Где теперь они, те, что остались на берегу и стали немым укором это­му капитану и всем начальникам, их предавших?

Позже Константин слышал от офицеров, что красные на берегу пленили более 30 тысяч солдат, казаков и офицеров.

Все они по приказу большевистских вождей были потоплены. Потом, когда все стихло, возле берега в море перед глазами мирных людей открылась жуткая картина. Вдоль всего берега в воде - стояли русские воины с привязанными к их ногам камнями.

Горе, горе России!

Где тот капитан-шкура, где все те, кто бросил солдат и казаков на расправу торжествующей, свирепой красной своре.

Далеко не все кубанцы получили место на пароходах.
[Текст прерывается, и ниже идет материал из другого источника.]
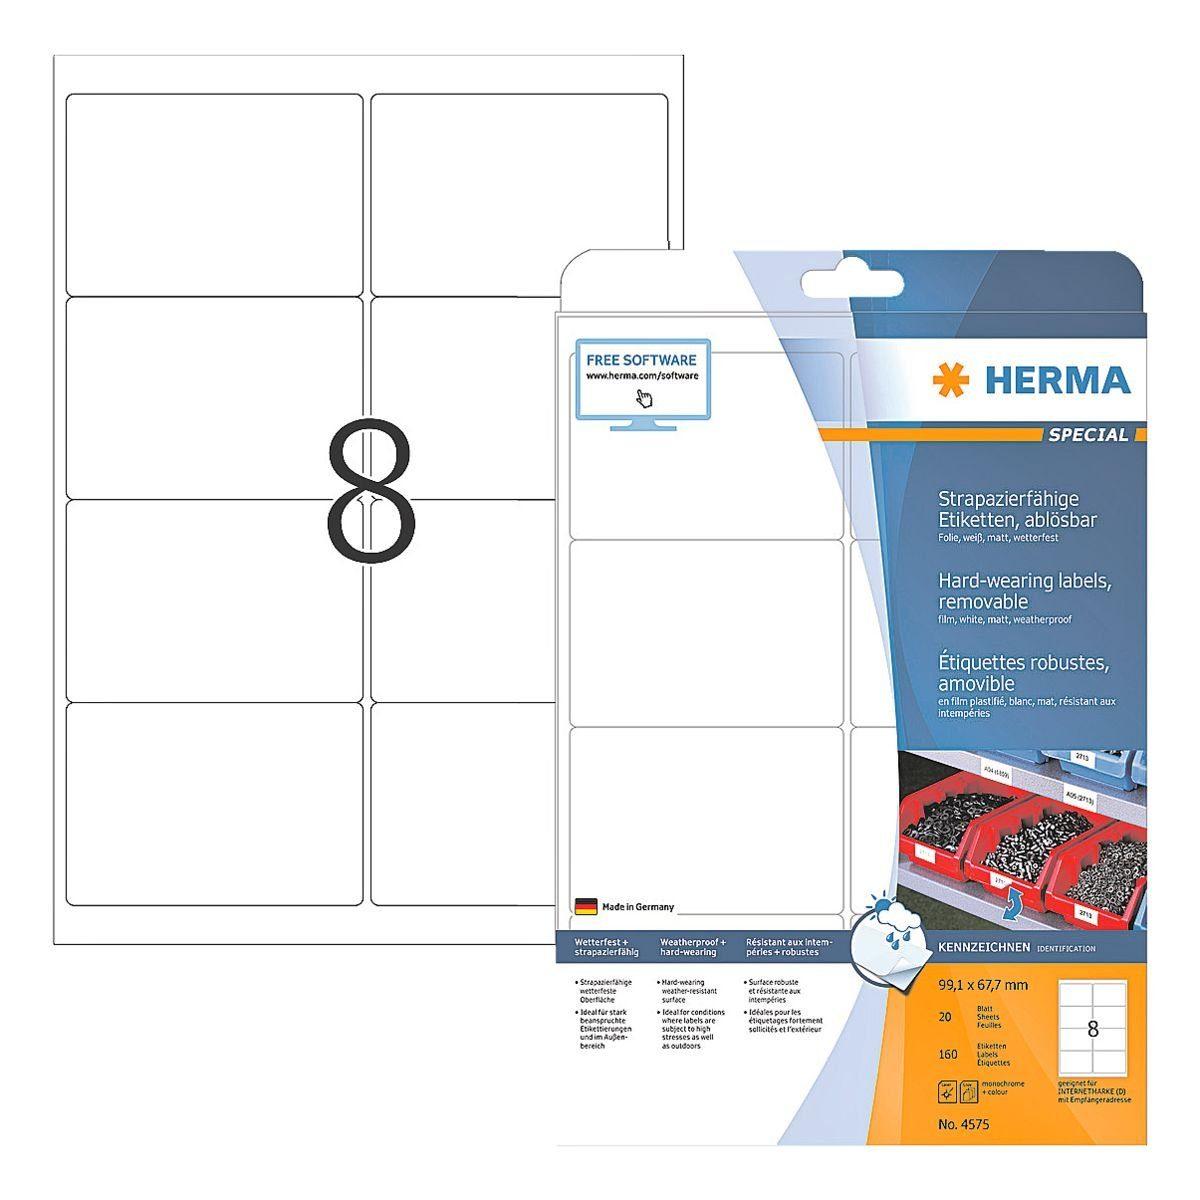 HERMA Outdoor Folien-Etiketten 160 Stück »Special«

Как ни бились генерал Гулыга и полковник Винников, так и не смогли очистить часть судов для подходящих полков Кубанского корпуса.

Родной для Константина 3-й Уманский полк в полном составе под командованием полковника Бориса Ивановича Закревского, действующий в арьергарде корпуса, к пристани подошел, когда заканчивалась погруз­ка последнего парохода. Разгоряченный в непрерывных боях, полк буква­льно сметал на своем пути все заставы перед пристанью, вышел к берегу. На пароходе поспешно стали поднимать трапы. Вместо плановых 4-5 тысяч пароход принял до 11 тысяч, большая часть которых были бе­женцы, семьи офицеров и чиновников.

На пристани возникла потасовка, раздавались угрозы. Вновь был опущен трап. На него бросились, как на штурм. Трап затрещал и рухнул в воду вместе с людьми.

- Не могу больше взять ни одного человека, - голос капитана с мостика.

- Подкатывай пушку, пропадать так всем, - кричали с берега.

Момент настал критический, угроза была реальной. Видно было, как несколько человек катили пушку.

- Зови Фостикова!

- Генерал Фостиков на первом пароходе!

- От же ж, сука, побиг пэрвим.

Вновь раздались взрывы в районе Сары-Голя. В трех километрах от Феодосии поднялся громадный желтовато-черный столб дыма. Кто-то про­должал жечь артиллерийские склады.

С корабля понеслись истошные крики.

- Руби концы!

Судно медленно отчалило от берега. Толпа на берегу заревела еще сильнее. Неслась ругань, гул проклятий. Кто-то успел зарядить пушку. Снаряд со свистом пролетел над главной мачтой.

3-й Уманский полк в полном составе со своим командиром и Знаменем своим ходом направился в Керчь. С полком оказались начальник штаба 1-й Кубанской казачьей дивизии полковник Гришин и часть офицеров шта­ба. Это они установили связь с донцами и по приказу Врангеля оставшаяся часть корпуса была направлена в Керчь на погрузку.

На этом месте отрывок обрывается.